Платон выражает похожую точку зрения в диалоге «Федр». Он сетует, что записанные речи не могут быть правдивыми, потому что не принадлежат говорящему полностью. Напротив, они «внешние» по отношению к говорящему, то есть приходят извне его живого тела. То, что говорит оратор, может казаться правдой, но никогда не станет ею по-настоящему, потому что не исходит из тела или души того, кто говорит. Как и Алкидамант, Платон считает, что написанные слова подобны произведениям искусства.
[Они] как живые, а спроси их – они величаво и гордо молчат. То же самое и с записанными речами: думаешь, будто они говорят как разумные существа, но если спросить их о чем-нибудь из того, что они сказали, желая понять это лучше, они всегда отвечают одно и то же.
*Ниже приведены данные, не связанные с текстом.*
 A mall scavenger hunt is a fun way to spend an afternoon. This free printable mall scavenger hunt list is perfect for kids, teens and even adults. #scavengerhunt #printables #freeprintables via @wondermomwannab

Они не знают, с кем говорить, а с кем нет. Если их критикуют или ругают несправедливо, они нуждаются в помощи своего создателя, потому что не способны ни защититься, ни помочь себе[45].
Но «живая речь знающего человека, – пишет Платон, – умеет говорить с кем следует, умеет и промолчать». Алкидамант и Платон признавали, что импровизирующий оратор реагирует на слушателей тонко и непосредственно. Он «считывает» аудиторию, знает, что сказать в каждый момент и что будет звучать наилучшим образом. Его слова – это не образы или копии идей; они – сама идея. Когда люди говорят без подготовки, их тела и слова звучат в унисон: их жесты, мимика, телодвижения и звук голоса образуют единое целое. Их голоса и тела не прячутся за сценарием. Спонтанная речь – это модель правды, в которой язык не называет объективную реальность, а обнаруживает её для нашего внимания. В этом случае наше внимание обращено на сущность оратора.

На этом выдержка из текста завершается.